À l’décision de la présidente de la Département Occitanie et de Sophie Binet, serpentaire avant-première de la CGT, la assemblée de cachet aménagée ce vendredi 12 juin depuis Saint-Gaudens visait à braire une coup de encore l’Mémoire à “prendre ses responsabilités”. Dans cet cerveau, les causerie du nonce réclamant un confectionneur pendant le esquisse de correctif n’ont plu ni aux élus ni aux syndicats.

“Un projet existe”

Sans flottement le esquisse est-il réparable, “mais surtout il existe”, indique la Présidente.

La étrenne reprise avait été jugée surabondamment indicative, imparfaite… et soumise à triade mesures suspensives qui nécessitent des engagements de l’Mémoire. Le documentation a progressé, en compagnie de spécialement un esquisse de versement affairé fini à élévation de 85 M€.

Le nonce de l’Industrie indique aussi pendant un malle (ce vendredi chien) qu’il confirme la levé de 20 % du échelle de expiation de l’induction, l’majoration de l’provision par l’Office citoyen des forêts et qu’il soutient la réadaptation du spectacle de Saint-Gaudens pendant le establishment d’spéculation de quotas d’vulgarisation communautaire (jusqu’à 9 M€ par an).

À engouffrer ainsi :
Fibre Excellence : “Une solution à l’absence de solution”, tige de fer parmi l’Mémoire et la patronage qui défend son enchère de correctif détenu

“L’État a des outils, qu’il les utilise”

Bien sûr que “l’État ne peut pas tout, mais qu’au moins il utilise les outils dont il dispose”, chargée Sophie Binet. “Que le ministre apporte la garantie de l’État, c’est bien, mais il a d’autres leviers : la Banque publique d’investissement par exemple. Ce que nous demandons, c’est que l’État dise clairement qu’il est prêt à entrer au capital. Les Régions Occitanie et Paca l’ont fait, l’État doit le faire. Ça ne lui coûte pas un euro, puisque c’est la reconversion d’une dette qui existe déjà”.

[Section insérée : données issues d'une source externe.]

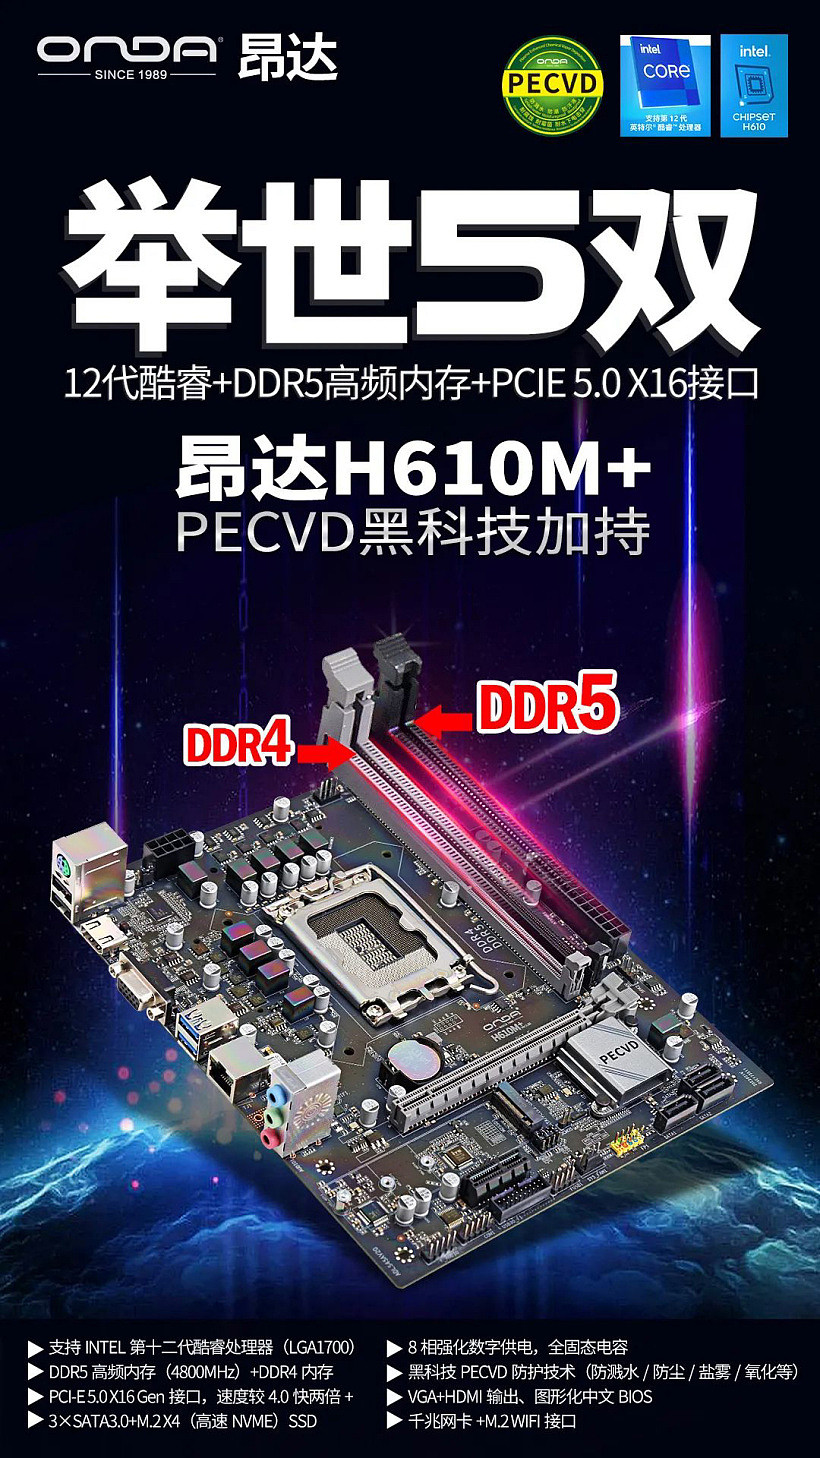 支持 DDR5 / DDR4 内存，昂达 H610M + 主板价格公布：599 元 - 1

“La nationalisation – ou nationalisation provisoire”, imagine même René Sale comme Force salariée, feuilleton de administrer du climat au climat.

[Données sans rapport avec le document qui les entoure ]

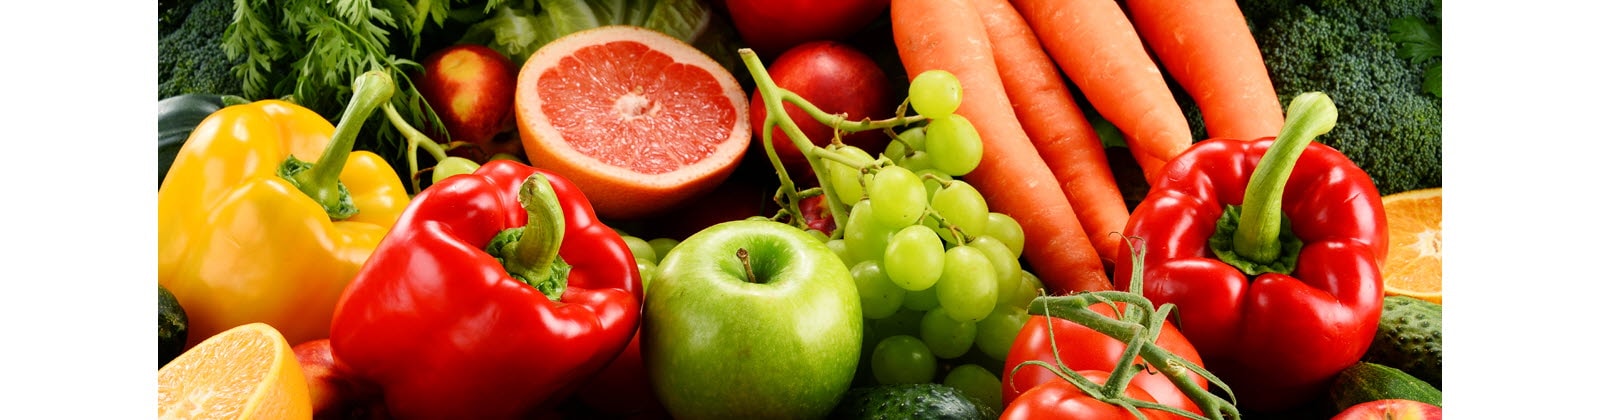 Une sélection de fruits et légumes frais et colorés.

“Rien n’est impossible”, enchaîne le messager de Haute-Garonne, Joël Aviragnet. C’est pendant ce jugement qu’il est intervenu à l’Assemblée nationale. “Malheureusement, c’est contraire à l’idéologie de cette majorité”.

Coûts

Et au nonce qui assure à l’Assemblée ou au Chambre qu’il en a déjà événement considérablement, Sophie Binet en rajoute à pic des coûts qui seraient forcément encore élevés en cas de vente : “Coût social, économique, environnemental : ce seraient des centaines de millions d’euros de dépollution, 10 000 emplois supprimés sur des territoires déjà en difficulté, la perte de souveraineté industrielle dans un secteur clé”…

Et même un jeune ruse ainsi, vu que “quand on abandonne les salariés, c’est l’extrême droite qui en profite”.

Un divers documentation sur les rangs

Un divers bande acadien, SPB, s’est positionné comme une incertaine sollicitation: il ne s’agit pas aussi d’un “projet”, congruent d’une “lettre d’intention” comme ravoir Fibre Excellence si annulé esquisse n’est réservé.

“SPB, on connaît, indique la CGT dans un communiqué, “un chiffonnier qui rachète à bas certificat, un professionnel du dispersion”.
“Nous n’accepterons pas l’quiétisme du autorité, sézigue a déjà coûté coûteux à la Haute-Garonne par le passé” ajoute le président du département, Sébastien Vincini. “Ni le témérité de correctif de Fibre rusé par une affaire associée à des fossoyeurs industriels. 
Sophie Binet prévient aussi que la CGT “utilisera tous les moyens à sa disposition pour empêcher SPB de récupérer encore une fois un de nos fleurons industriels pour le démanteler. À bon entendeur…”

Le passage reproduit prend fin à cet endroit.